Kmart's vice president of apparel and jewelry, Lorna Nagler, said Kmart made the Disney deal because of its "great appeal" to customers across all ethnic backgrounds. 

Adamson said Kmart is actively considering other license deals, but cautioned they would take time due to the bankruptcy proceedings. 

Adamson said Kmart was exploring increased benefits and bonuses to employees, and has begun matching contributions to employee 401k retirement funds. 

It was not immediately known how many jobs would be cut due to the coming store closures. 

SHEDDING SCARLET LETTER 

Kmart is the third company that Adamson has been hired to guide out of bankruptcy. A low-profile member of Kmart's board since 1996, he is credited with reviving the Denny's restaurant chain in the late 1990s after race discrimination lawsuits damaged its reputation. 
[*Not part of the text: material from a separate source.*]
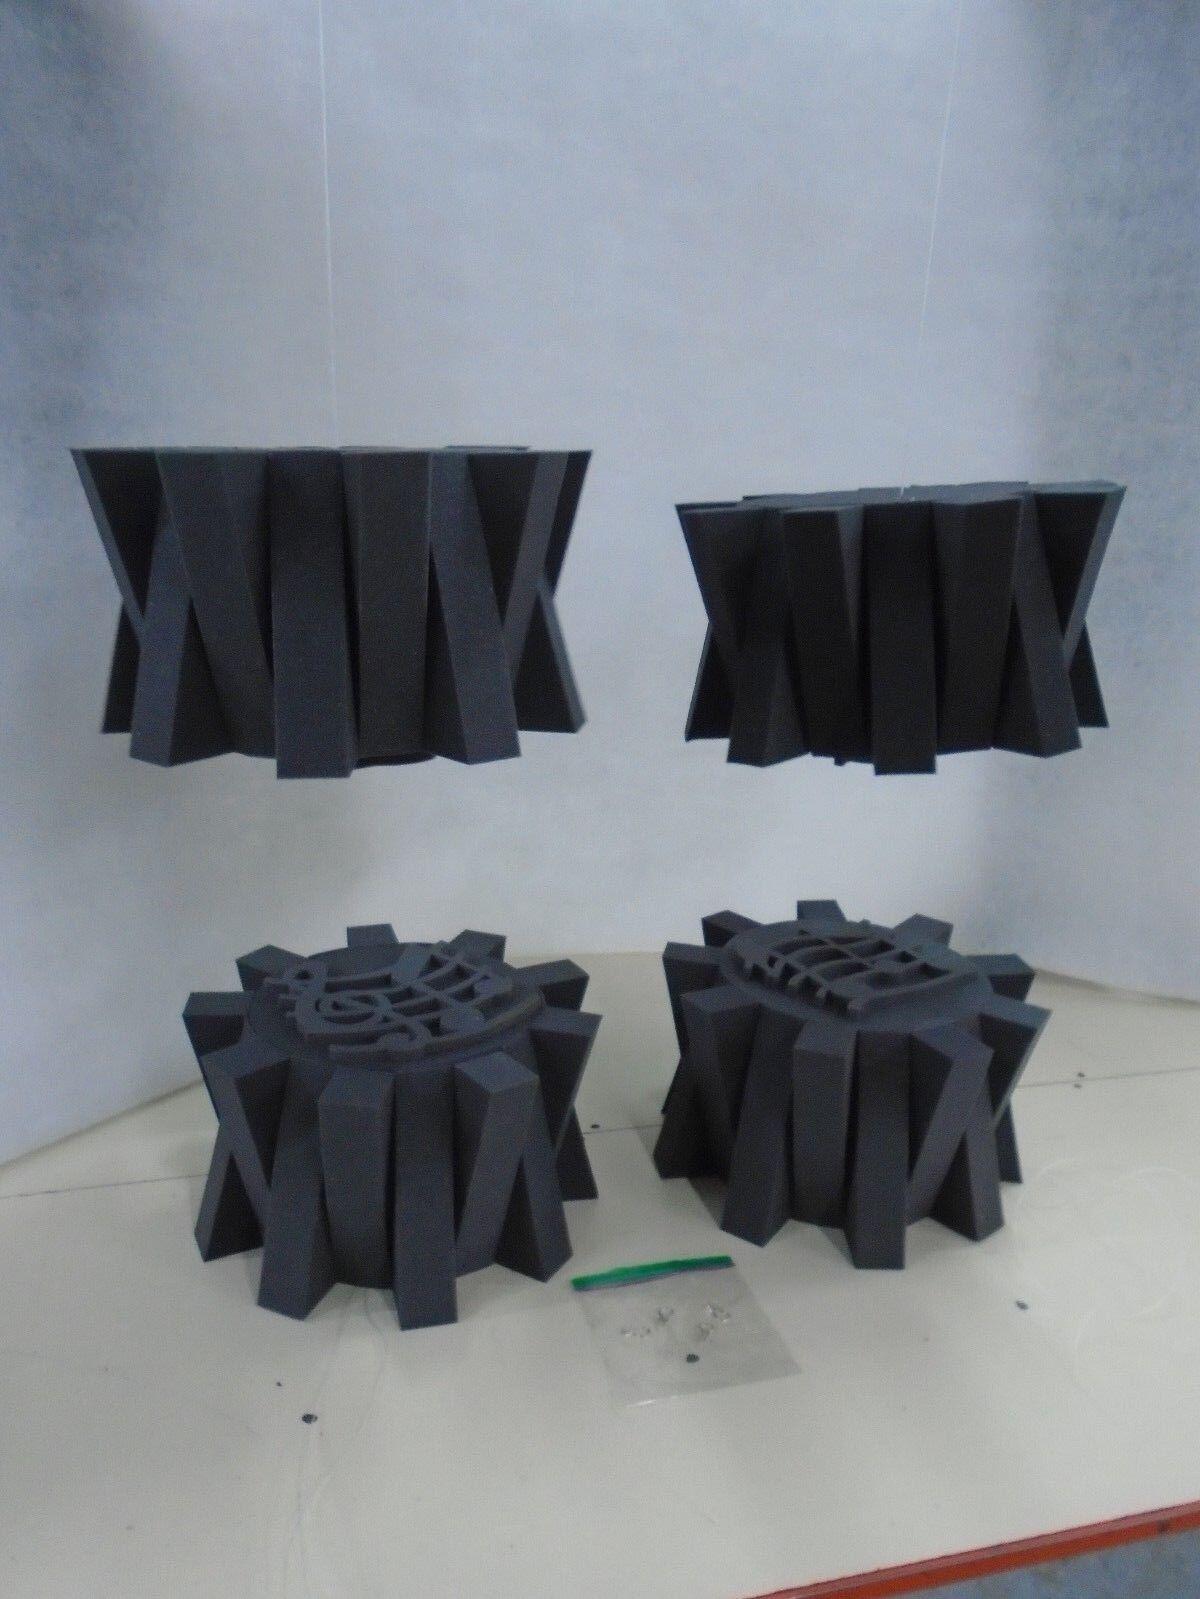 Acoustic Soundproofing Stylish Ceiling Mount Foam Tiles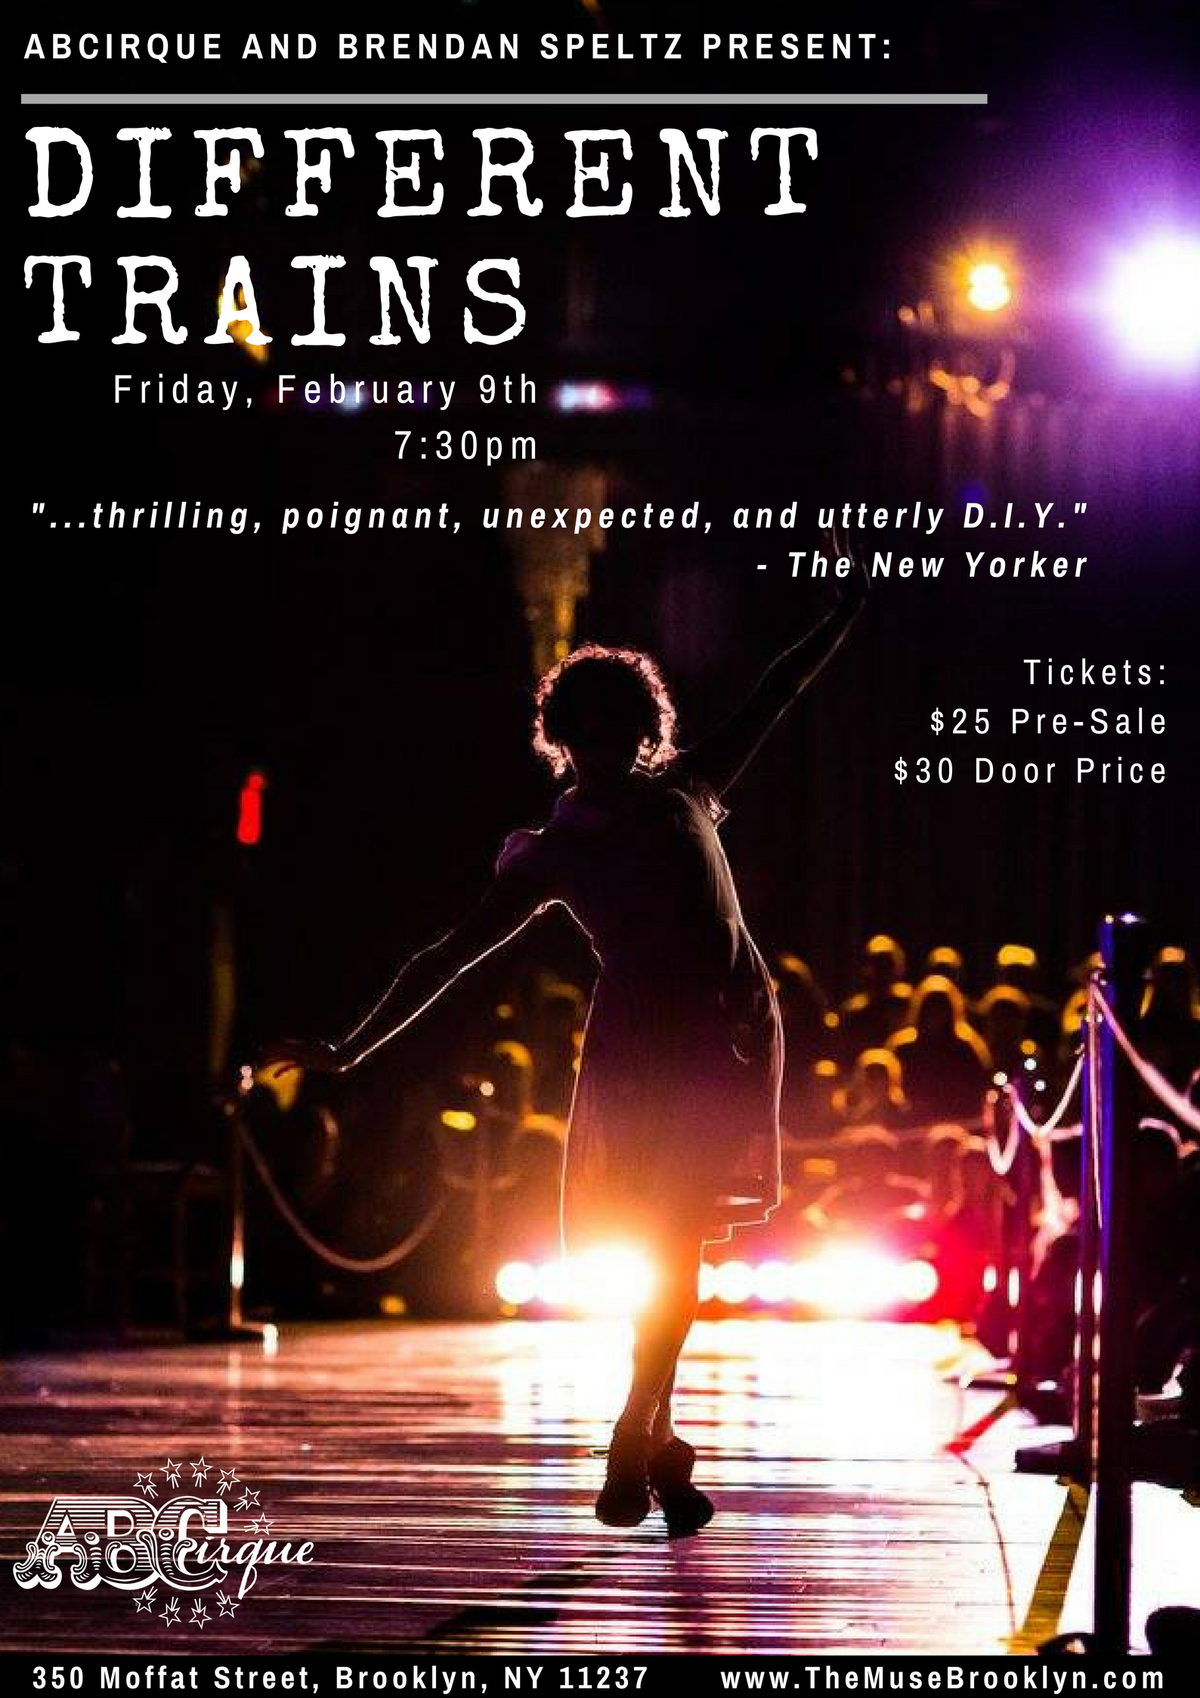 Different Trains - Circus Events - CircusTalk

Adamson said it would be more difficult to breathe life back into Kmart than it was at Denny's because of Kmart's enormity. "This is not a complicated bankruptcy. It's a big bankruptcy," he said. 

He said that while Kmart lawyers have targeted next summer for emerging from Chapter 11, he wants it done sooner. 

"Our people are aware of the scarlet letter of Chapter 11, and we'd like to get that removed as soon as possible," he said. "Every day, it hurts this company." 

Shares of Kmart, which have plunged 88 percent over the past year, closed off a penny to $1.13 Tuesday on the New York Stock Exchange.